Немного позже я встретил Аусту, и мы разговорились. «Гисли, ну как ты только мог выдумать такой вздор про эту машину, на которой мы якобы ехали?!» – говорит она. Я ответил: «Клянусь тебе, всё сказанное мной – чистейшая правда от первого до последнего слова!». Но Ауста не хотела и слышать об этом. «Ты хоть не подумал, что София и в самом деле приглашала шофёра и тебя в тот день на кофе?» – «Да, я так и думал». – «Нет, – говорит Ауста, – уж поверь мне, София тогда не могла ждать тебя в гости, по той простой причине, что мы с тобой ни словом не перемолвились после того, как ты ушёл от нас возле Идно». Я возразил ей, что на следующее утро мое пальто было сухим, – а если б я пошёл домой тогда же, когда они, вышло бы по-другому, ведь мне идти дольше, чем им, а она сама сказала, что они промокли до нитки. А потом я спросил: «А почему София разрыдалась, когда я описал шофёра и сказал про запонки?» – «Ах, никогда больше не говори про это бедняжке Софии, – отвечает Ауста, – ей так тяжко это слышать. Ты растравил старую рану. Ещё до замужества она была обручена с парнем по имени Стейни и подарила ему запонки, как раз такие, как ты говоришь, незадолго до его смерти». – «А как он умер?» – спрашиваю я. «Утонул в Рейкьявикской гавани, – отвечает Ауста. – Он был шофёром, и его машина съехала с причала в море. Когда машину с телом подняли, в рукавах его рубашки были запонки, которые подарила ему София».

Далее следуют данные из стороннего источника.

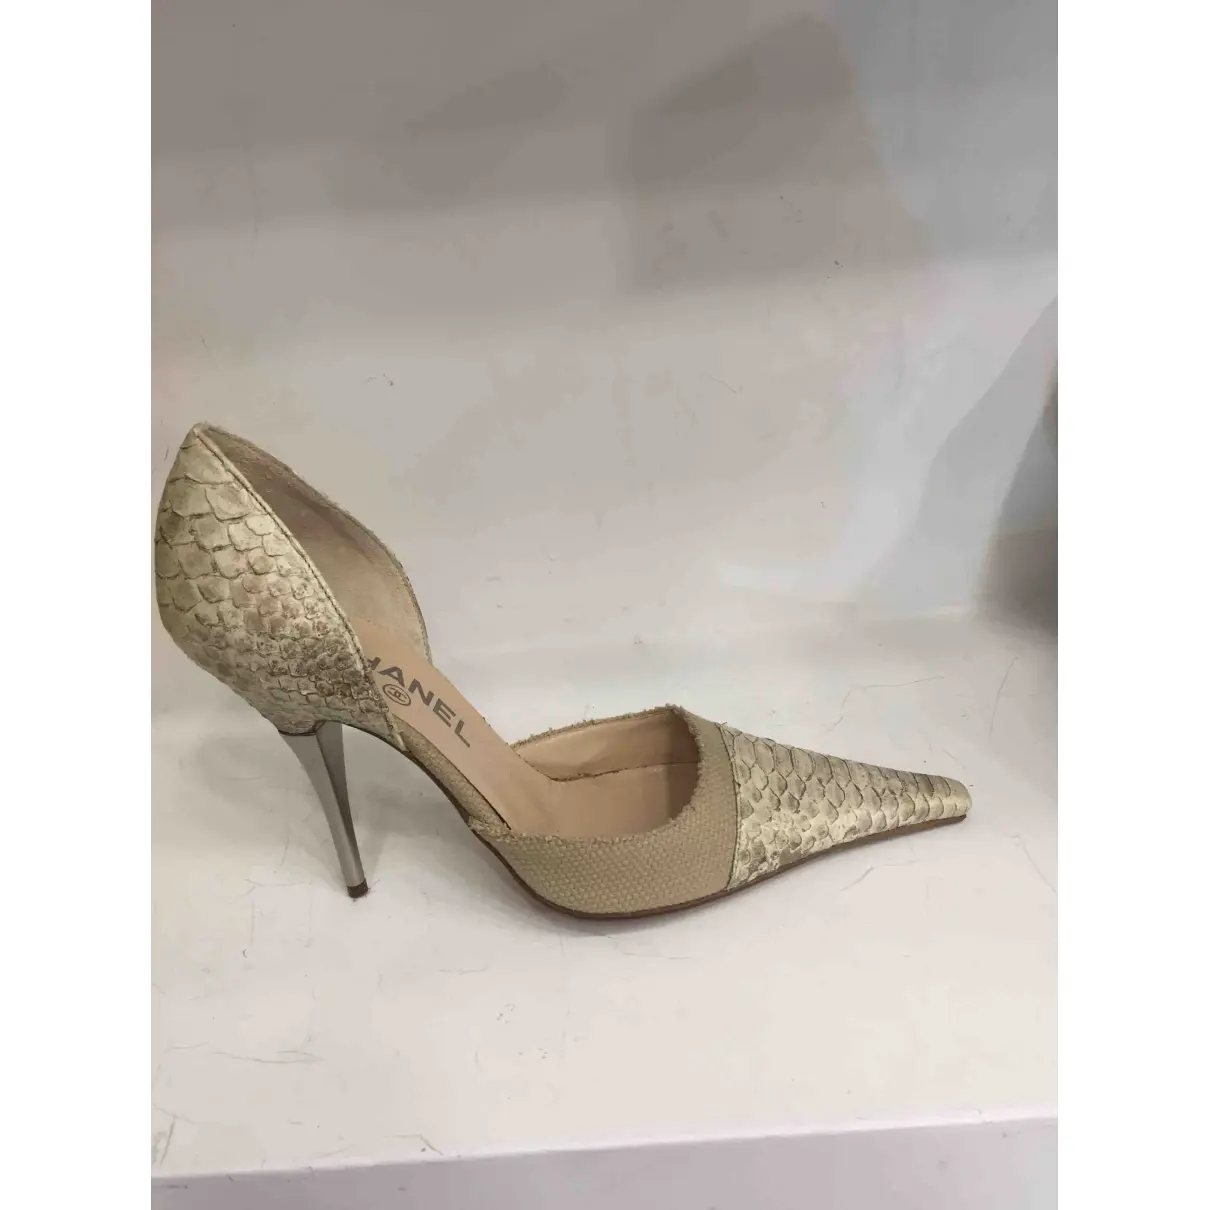 Chanel Python heels for sale - Vintage

(перевод Ольги Маркеловой)

Призрак в машине Бальтасара Кормака

Приводимый ниже текст не является записью фольклора; это несколько сокращенная статья, опубликованная в центральной исландской газете «Fréttablaðið» (Известия) от 29 октября 2006. Однако мы посчитали возможным включить ее в сборник по нескольким причинам: чтобы наглядно проиллюстрировать жизнеспособность традиционных верований в современной Исландии и серьезность отношения к ним; а также показать, как традиционные фольклорные сюжеты могут преломляться в нефольклорных дискурсах. Перед нами, без сомнения, рассказ о личном опыте человека, однако интересно то, что этот личный опыт полностью укладывается в рамки классического сюжета быличек, параллели которому мы находим в сборнике Йоуна Ауртнасона (ср. текст «Отдай мою кость, Гунна!» и др.).

Этот любопытный пример может свидетельствовать как о том, что традиционные пласты сознания и традиционные литературные тексты иногда тем или иным образом влияют на нашу действительность, так и о том, что появление в быличках классических бродячих сюжетов обусловлено не только особенностями бытования текстов, их миграцией и прочим, – но и отражает однотипный опыт реальной жизни. (Разумеется, тот или иной вывод может быть сделан в зависимости от веры или неверия исследователя/читателя в призраков).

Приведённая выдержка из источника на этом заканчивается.